Second, and related, our jurisdiction is broad but not all-encompassing.  Like the Legislature, we also have broad authority to act in the public interest, but a program of this magnitude with such far-reaching impacts is better decided by the entity that is directly responsible to all citizens of the state.  We cannot impose the costs of this program on customers of municipal utilities.  The benefits of the program - environment and economic development - are expected to accrue to all citizens of California.  If the program is in the public interest, all citizens should bear the costs.  I am especially concerned that it is unfair to require investor-owned electric utility customers to pay for solar electric programs for municipal utility customers.  That strikes me as bad policy.
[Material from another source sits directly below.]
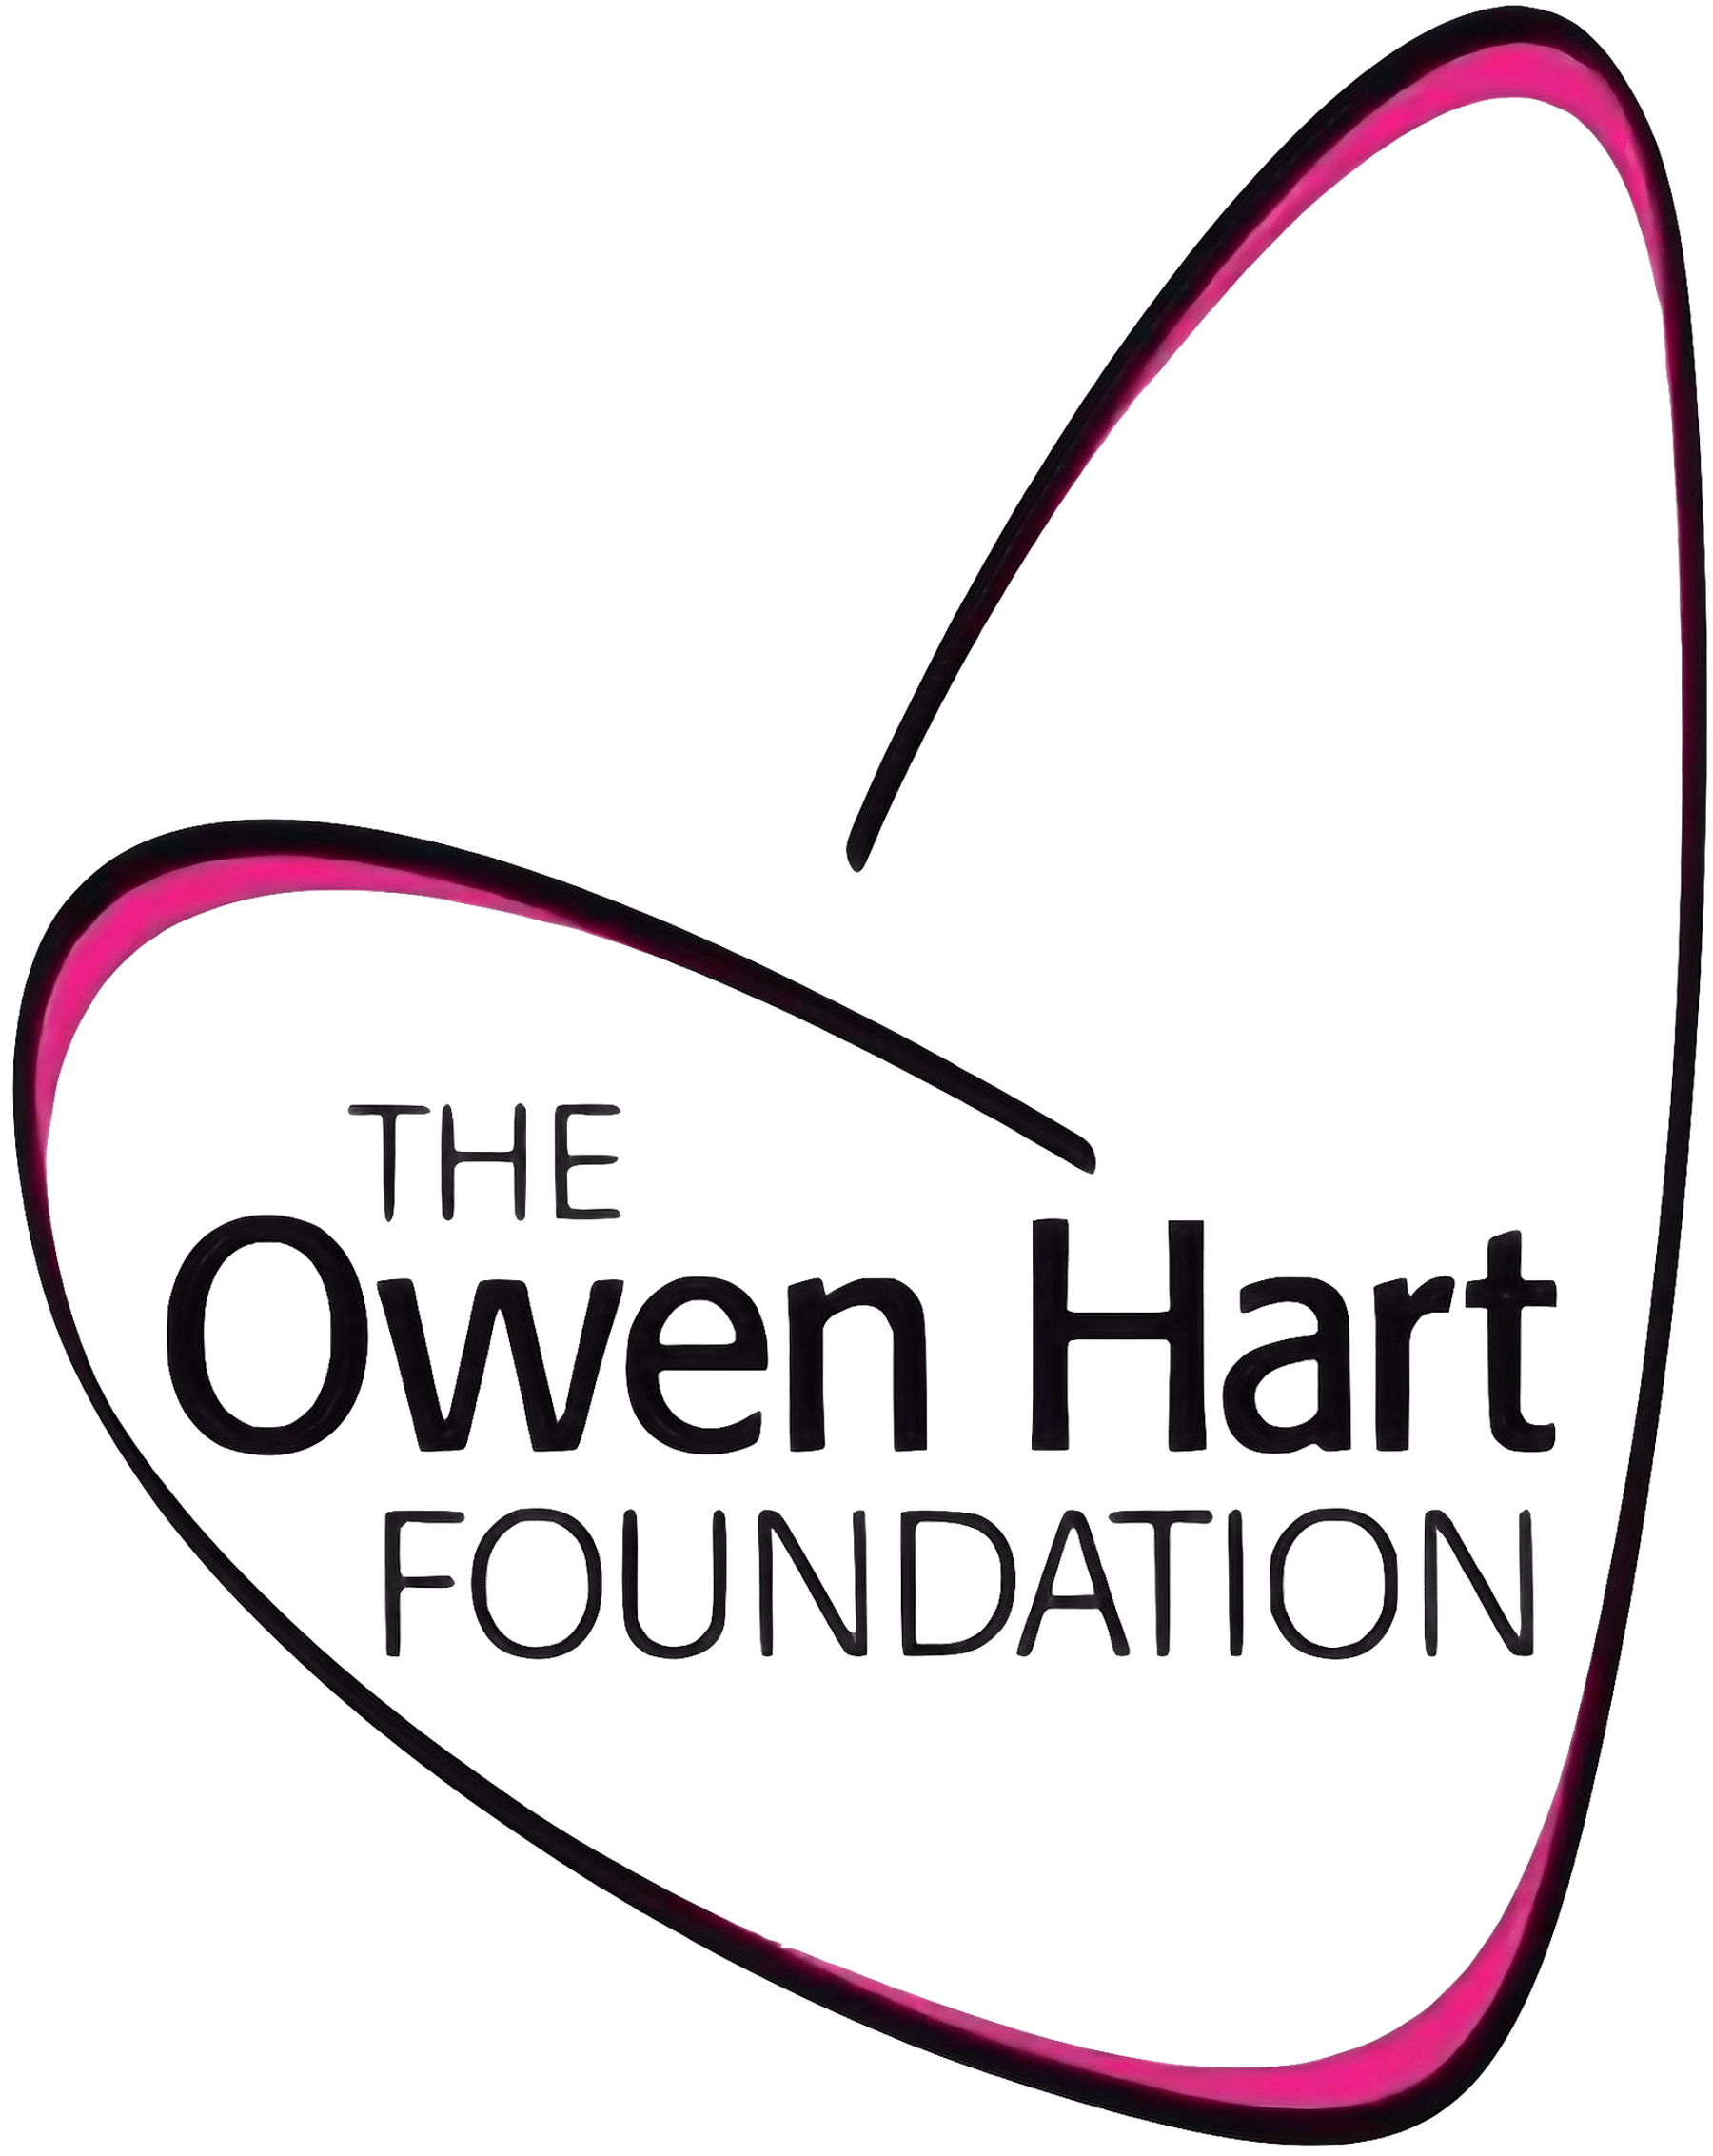 Owen Hart Foundation logo on a transparent background

A municipal utility electricity customer who takes gas from PG&E will be permitted to obtain the subsidy for solar panels that will be paid for by PG&E electricity customers, even though the municipal utility customer does not pay into the PG&E electric subsidy pot and the PG&E electricity customers pay rates unrelated to the provision of their service.  

 

Third, I analyze this program in the context of high and increasing electric rates.  The California Solar Initiative is advertised as a $2.8 billion program, but PG&E points out that the actual costs for those ratepayers who do not participate in the program may be as high as $9.5 billion, including net metering costs.  Regardless, this is a huge new burden on ratepayers.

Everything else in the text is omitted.